Clearcorners is expensive as hell.....


----------



## drift240sxdragqueen (Oct 23, 2002)

only rice is cheap.


----------



## 93blackSER (Feb 1, 2003)

and it sounds like the person who started this thread is going for rice...


----------



## vsp3c (May 15, 2003)

if you think clearcorners is expensive..

www.ebay.com
www.google.com


----------



## drift240sxdragqueen (Oct 23, 2002)

ebay.com (where the ricers go)
google.com (where the newbs should go)


----------



## BlueBOB (Jan 29, 2003)

hey fool! i just bought a few things and sold a few things on ebay...

you callin me rice!?!?









but yes, the newbs do require google...


----------



## j4mie (Apr 1, 2003)

i tried google and shit first and found all kinds of lights but none of them would fit the 240. 

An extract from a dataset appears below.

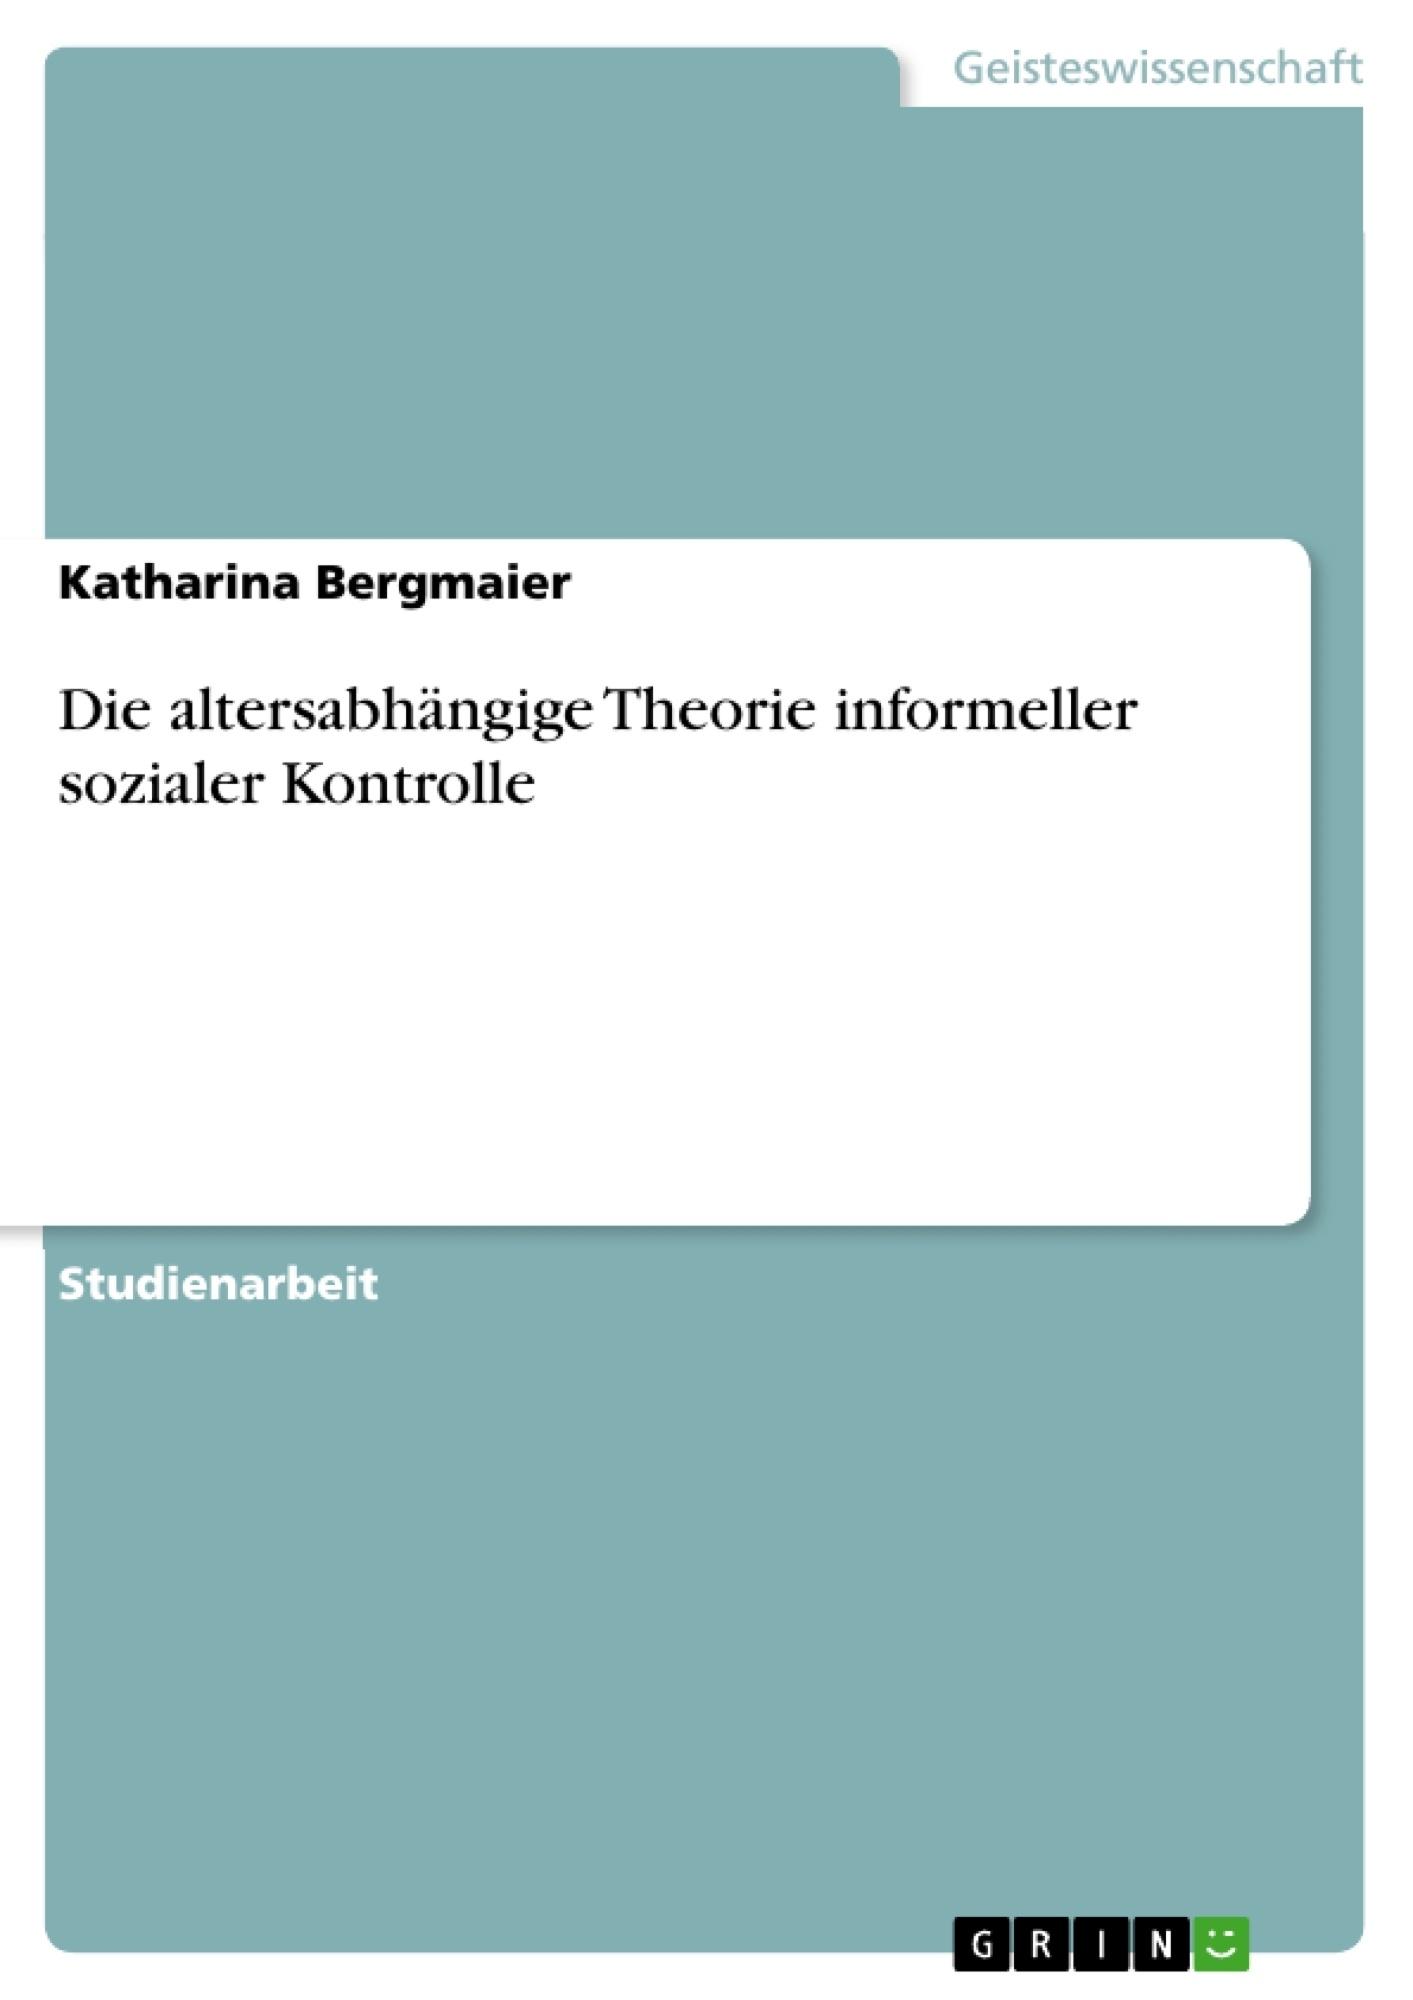 Titel: Die altersabhängige Theorie informeller sozialer Kontrolle

not rice......................clear corners=i hate yellow


----------



## drift240sxdragqueen (Oct 23, 2002)

BlueBOB said:


> hey fool! i just bought a few things and sold a few things on ebay...
> 
> you callin me rice!?!?
> 
> ...


 iono buying some performance parts... such as engines


----------



## OPIUM (Aug 18, 2002)

drift240sxdrag said:


> ebay.com (where the ricers go)






















I fail to see the rice


----------



## drift240sxdragqueen (Oct 23, 2002)

didn't you get ur engine from night?


----------



## azRPS13 (Jun 7, 2003)

hes talkin bout the IC


----------



## OPIUM (Aug 18, 2002)

drift240sxdrag said:


> didn't you get ur engine from night?


yes and no. I got it through him but not from him. And yes, the IC is what willis is talkin about.


----------



## Mini_GTR (Nov 10, 2003)

I made my own clear bumper lights for my 89. $5 and you cant even tell that i made them.


----------



## vsp3c (May 15, 2003)

i know that bumping240sx made his onw clear turnsignals


----------



## Bumpin (Feb 18, 2003)

Yeah I made my own turn signals. Bought a sheet of those kitchen light covers, cut 2 pieces the same size and shape of my bumper lights, smoothed out the edges, then screwed them in. Made them 2 ply each side to make it a little tougher. One of the best $5 i've ever spent.


----------